Совсем другую картину мы наблюдаем в трагедиях, в тех из них, где наличествуют вертикальные родственные отношения. Может возникнуть впечатление, что они складываются в две группы: в одной («Сид», «Цинна», «Ираклий») герои мстят за отца, в другой («Гораций», «Полиевкт», «Никомед», «Родогуна») вступают в конфликт с отцом или матерью. На самом деле этот конфликт, в пределе граничащий с отцеубийством (иногда эвфемистически затушеванным), присутствует в обеих группах. Бунт Камиллы в «Горации» направлен против брата, но и против отца тоже. Герой «Сида» убивает отца возлюбленной и уже фактически невесты – это даже не эвфемизм. Эмилия в «Цинне» подбивает заглавного героя на заговор против Августа: оба не могут простить императору казнь отцов, но в отношении обоих, Цинны в особенности, Август принял на себя родительскую роль, которую и осуществляет в финале, прощая заговорщиков и сочетая их браком. В «Ираклии» дочь ненавидит императора Фоку, свергнувшего и казнившего ее отца, но здесь еще есть сыновья двух императоров, свергнутого и свергнувшего, их подменили в младенчестве, и теперь мнимое и настоящее отцеубийство замышляют оба, и мнимый и настоящий. Раздвоенность чувств и целеполаганий также мучает двоих – и узурпатора (Фока: «Ты (Маврикий, свернутый император) мертв, но и в гробу двух сыновей обрел; Я жив, но некому мне передать престол»), и мнимого его сына («Нахожу отца я в том, кто отца меня лишил»).

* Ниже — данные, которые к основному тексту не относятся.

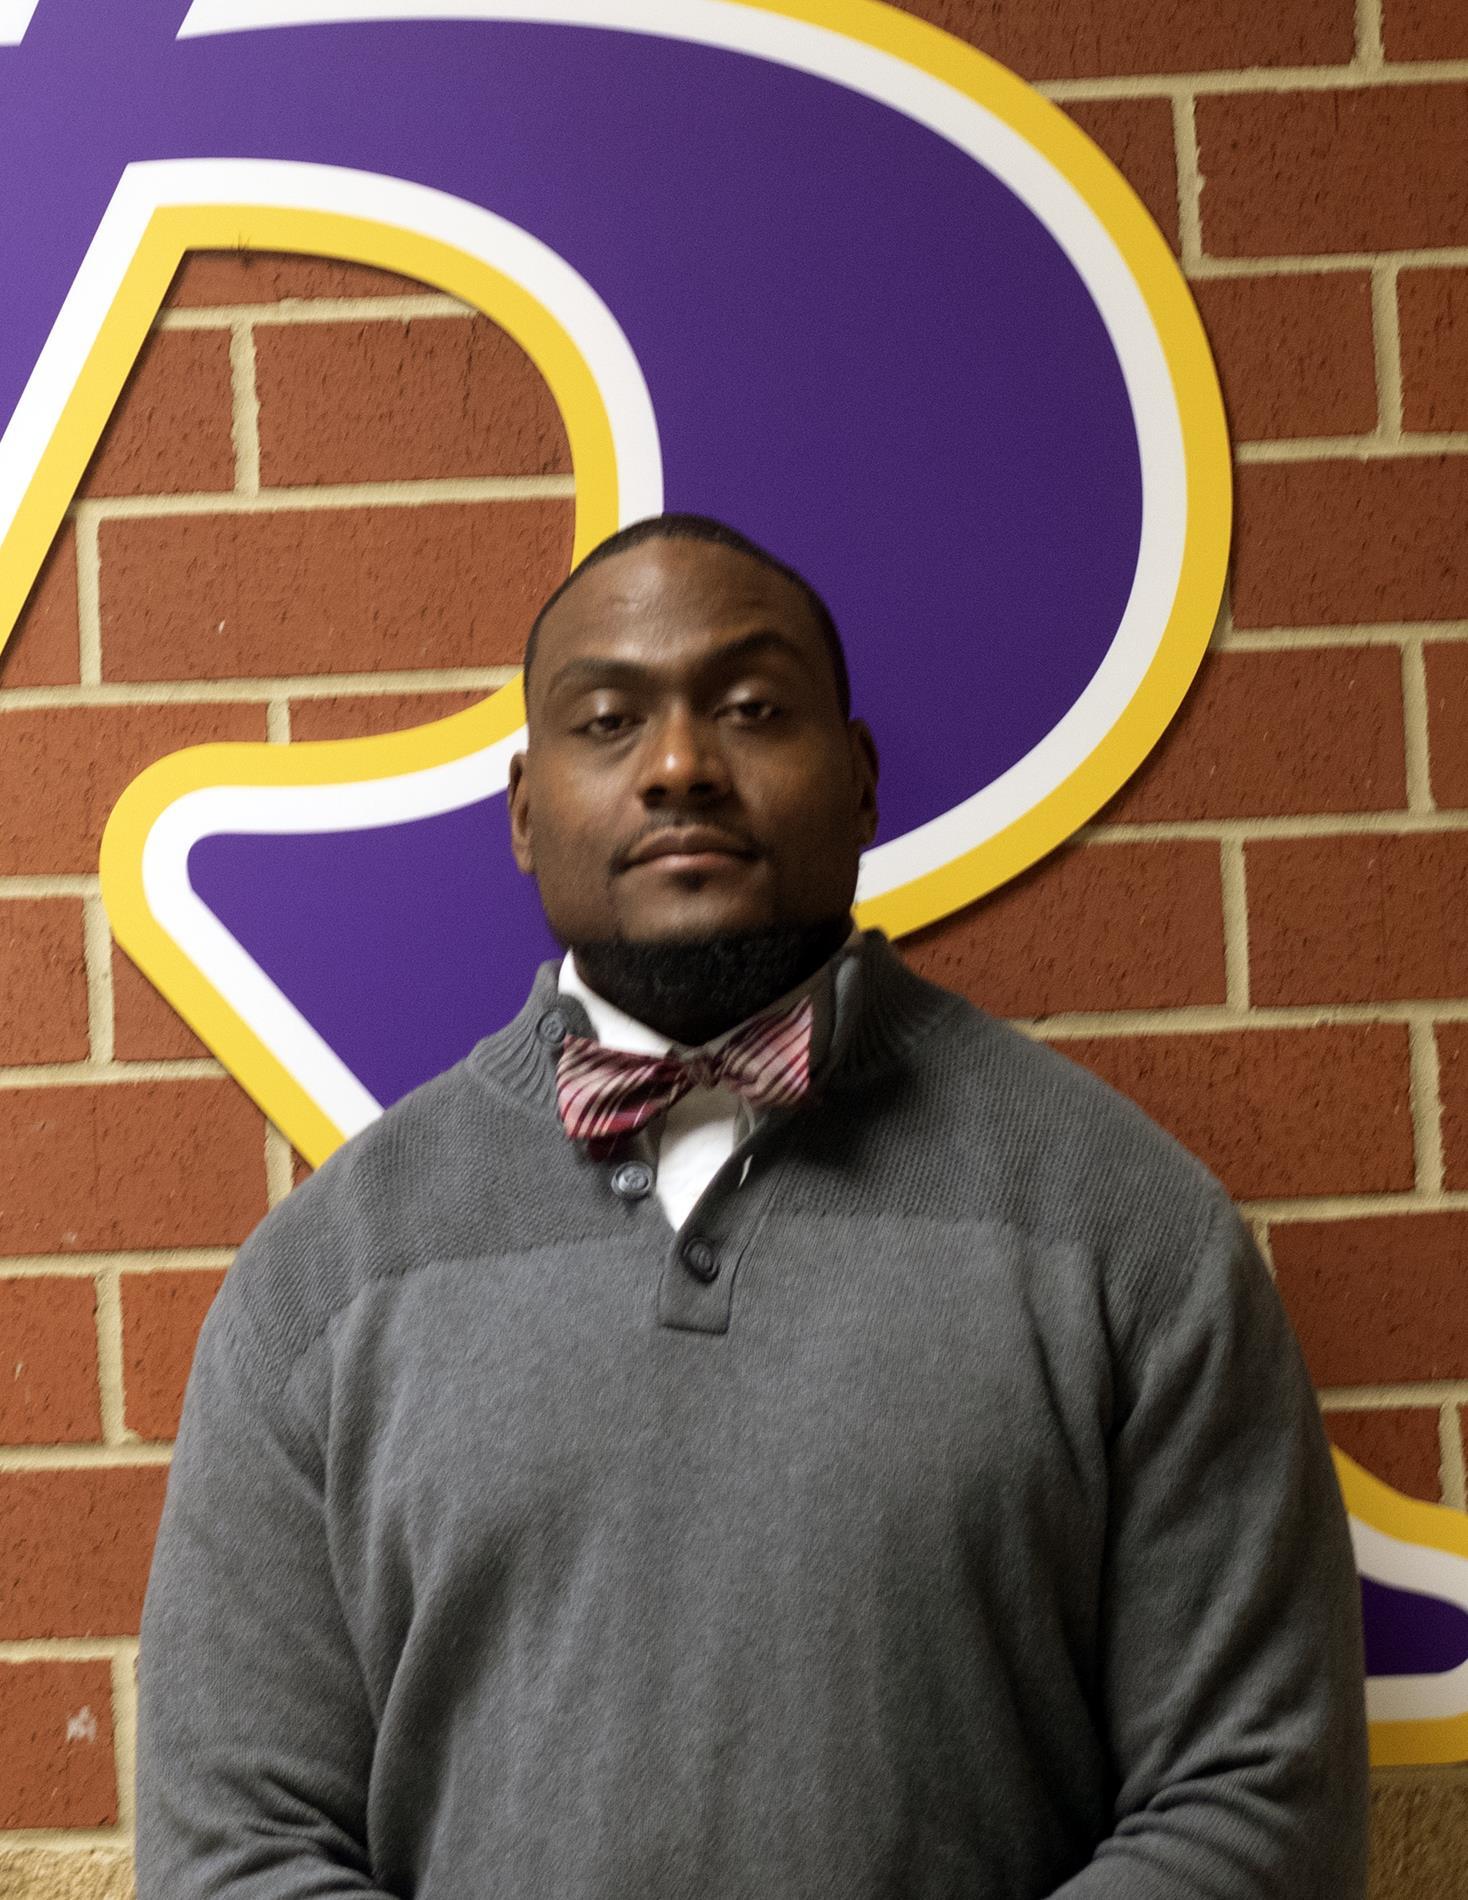 Charrod Taylor, Assistant Principal

В «Родогуне» стремление овладеть властью и стремление овладеть возлюбленной противопоставлены как выбор между двумя одинаково морально невозможными действиями: королева-мать (Клеопатра) требует, чтобы сыновья убили Родогуну во имя преданности матери, обещая за это трон; Родогуна – чтобы убили мать во имя преданности отцу, убитому в свое время Клеопатрой, обещая за это свою руку.

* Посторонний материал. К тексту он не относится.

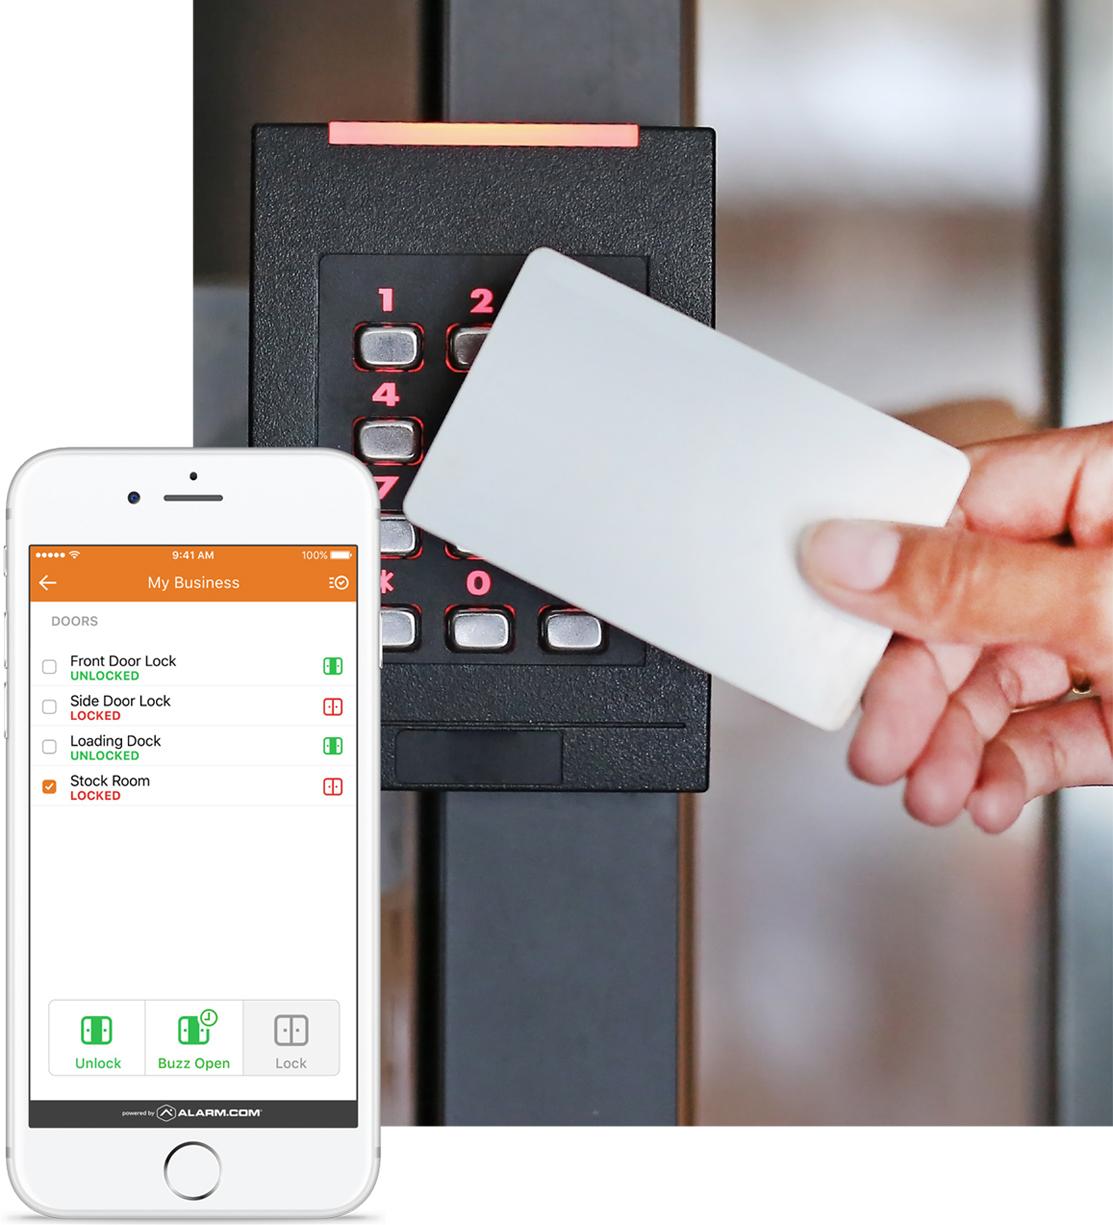 Alarm.com Key Card and Key Pad

Внутреннего разрешения эти конфликты не находят. Развязку всегда привносит внешняя инстанция – как в «Сиде» (король) или в «Горации» (царь). Даже результативное действие, обеспечивающее развязку, исходит от лица, постороннего конфликту – как в «Ираклии», где смертельный удар тирану наносит не его явный противник, а его мнимый сторонник. И в «Никомеде», где финал всех и все примиряет, заглавный герой оказывается в стороне от конфликта личных и внеличных долженствований и именно поэтому может выступать в отношении лиц, этим конфликтом затронутых, в качестве арбитра (его отец, царь Вифинии, хочет примирить в себе супруга и отца, Никомед советует ему быть не ими, а быть царем).

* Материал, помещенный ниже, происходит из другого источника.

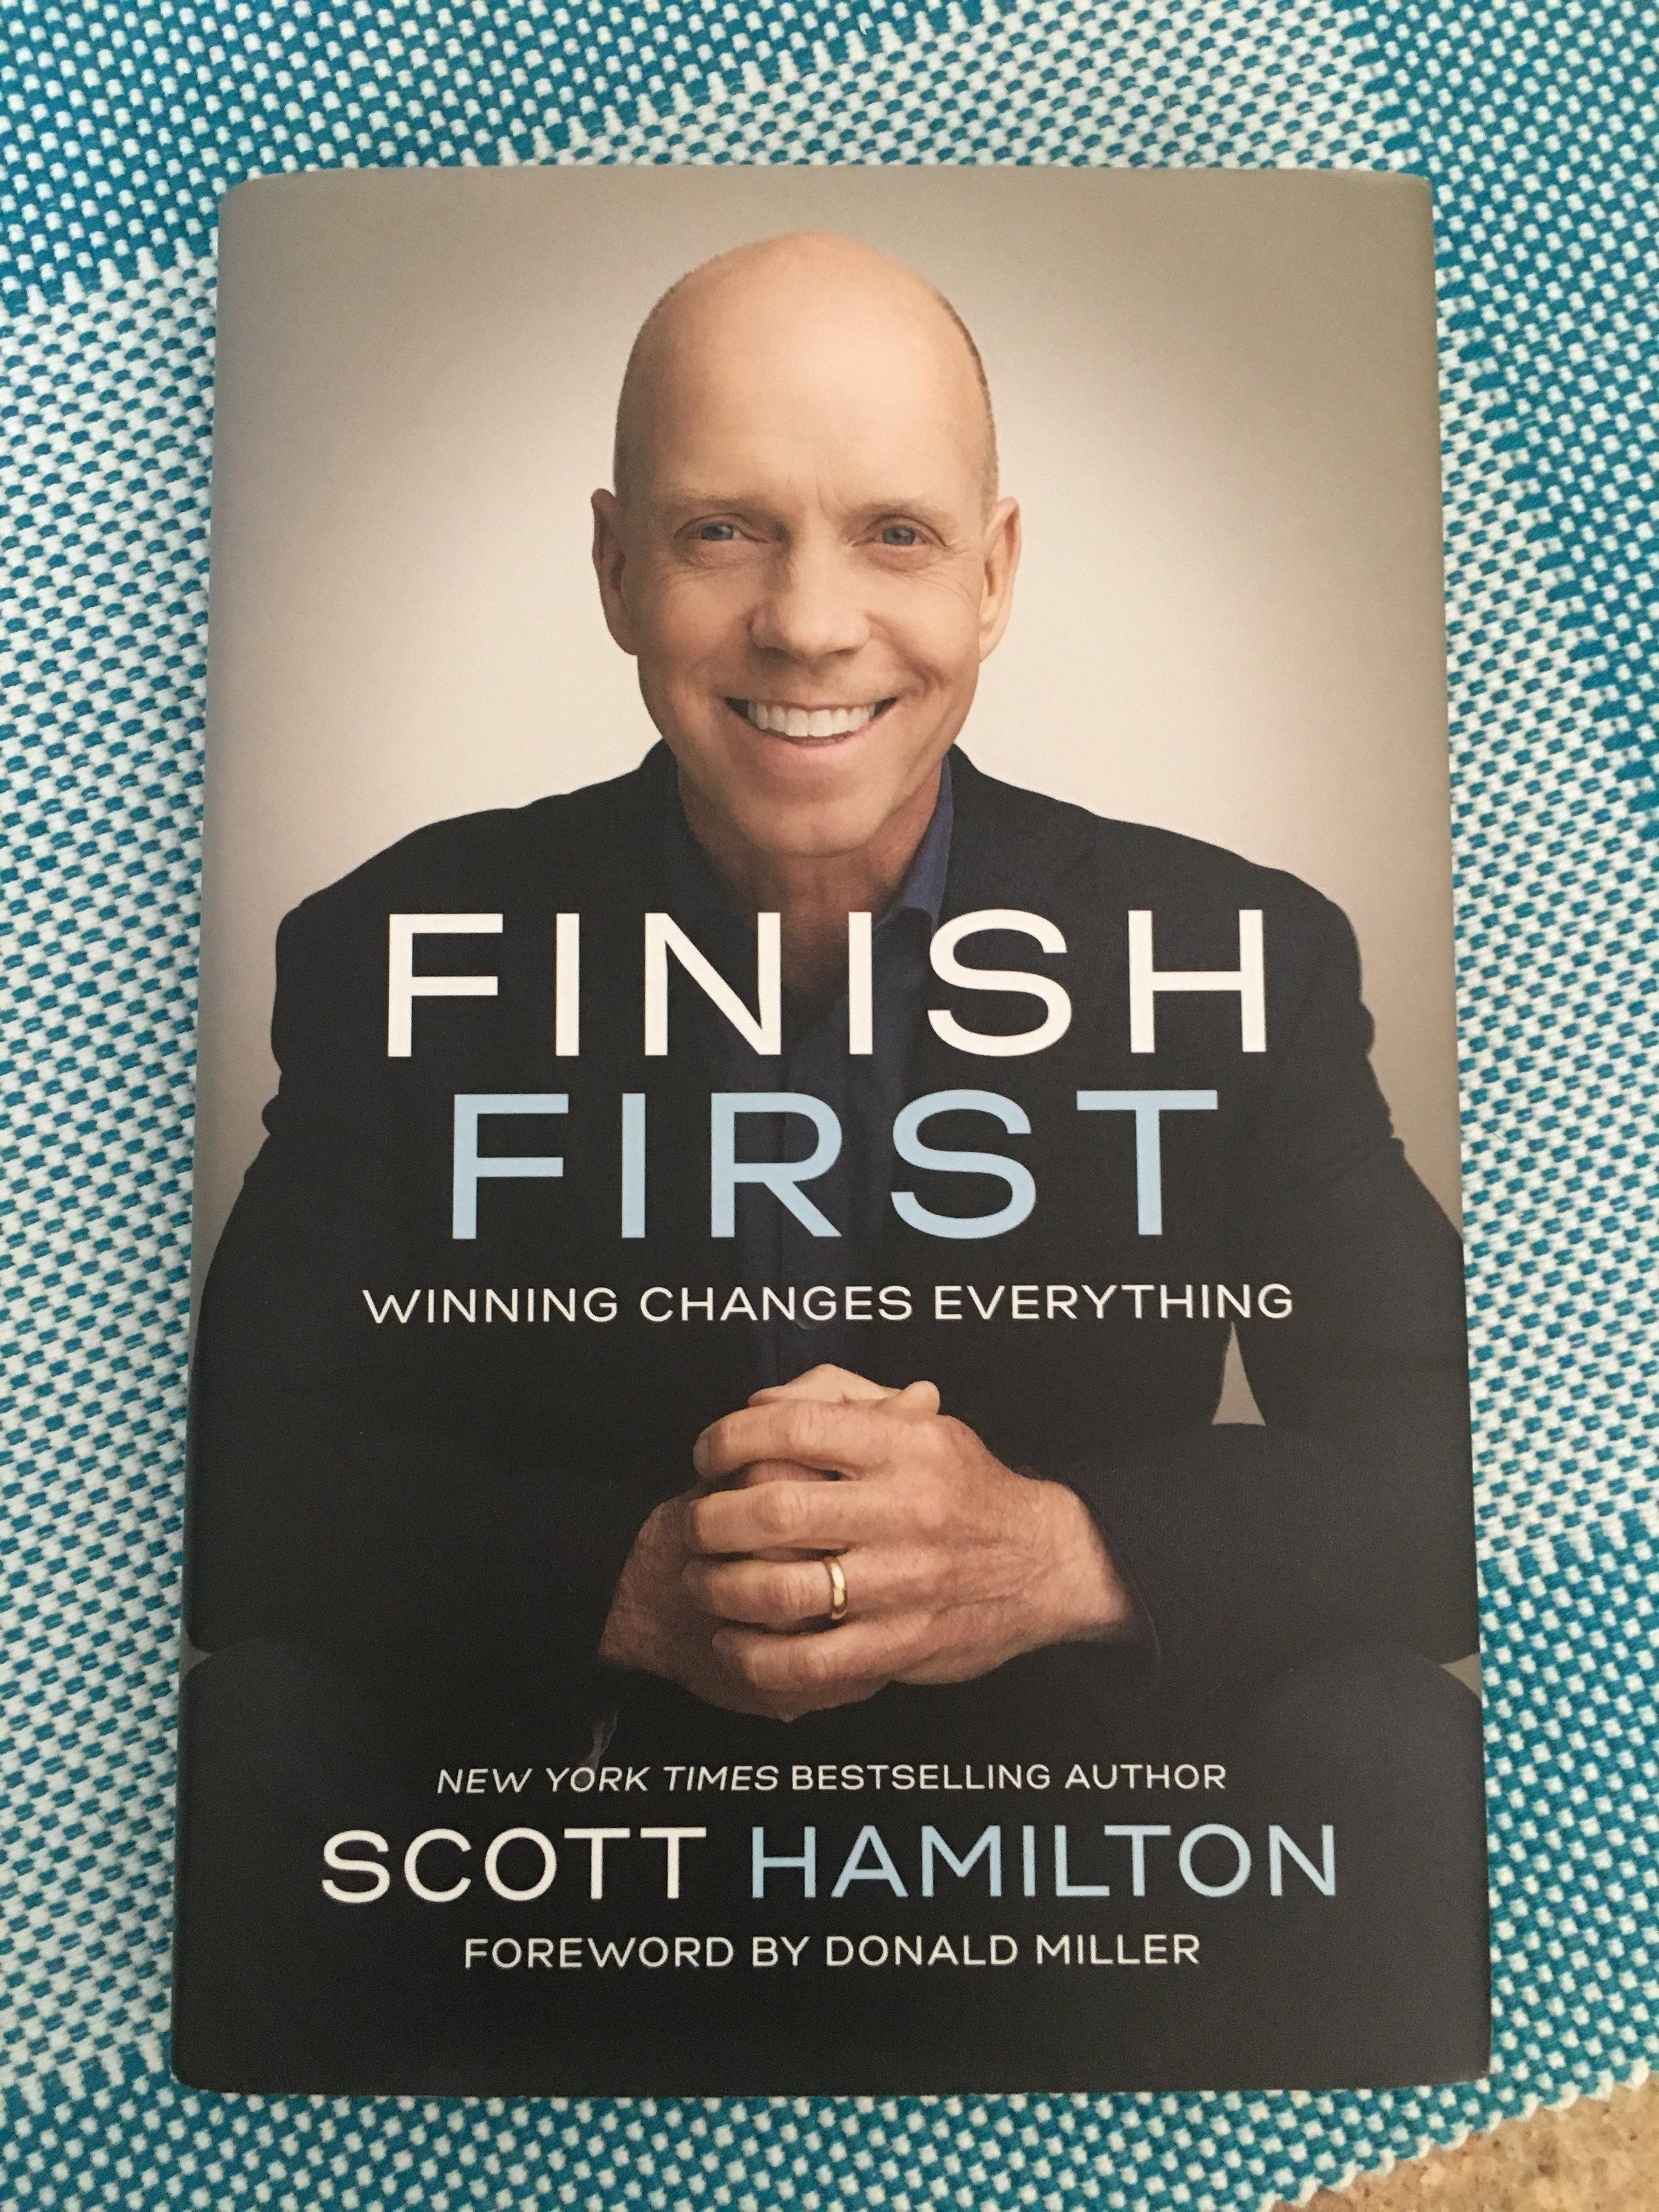 Scott Hamilton FINISH FIRST.JPG

В комедиях Корнеля конфликт с родительской властью существует только в качестве возможности, которая никогда не обретает драматического воплощения. В трагедиях Корнеля, в тех, где он присутствует, он является главным двигателем действия. В «героических» комедиях, в отличие от комедий «чистых», этот конфликт есть (хотя тоже только в виде своего рода эвфемизма), и из него есть выход – в отличие от трагедий. В трагедии, в том же «Горации», правда и неправда противолежащих позиций не уничтожаются финальным синтезом, а входят в него, сохраняя свою оппозиционность[121]. В «Тите и Беренике» и в «Пульхерии» финал подводит под борьбой позиций окончательную черту. Из трагедии в этот жанровый извод берется проблемное наполнение, но проблема не доведена до той предельной остроты, которой она в трагедии достигает, – комедийная составляющая отнимает у него какую-либо неоднозначность. Героическая комедия, рассмотренная в этом свете, действительно выступает как среднее арифметическое двух жанровых полюсов.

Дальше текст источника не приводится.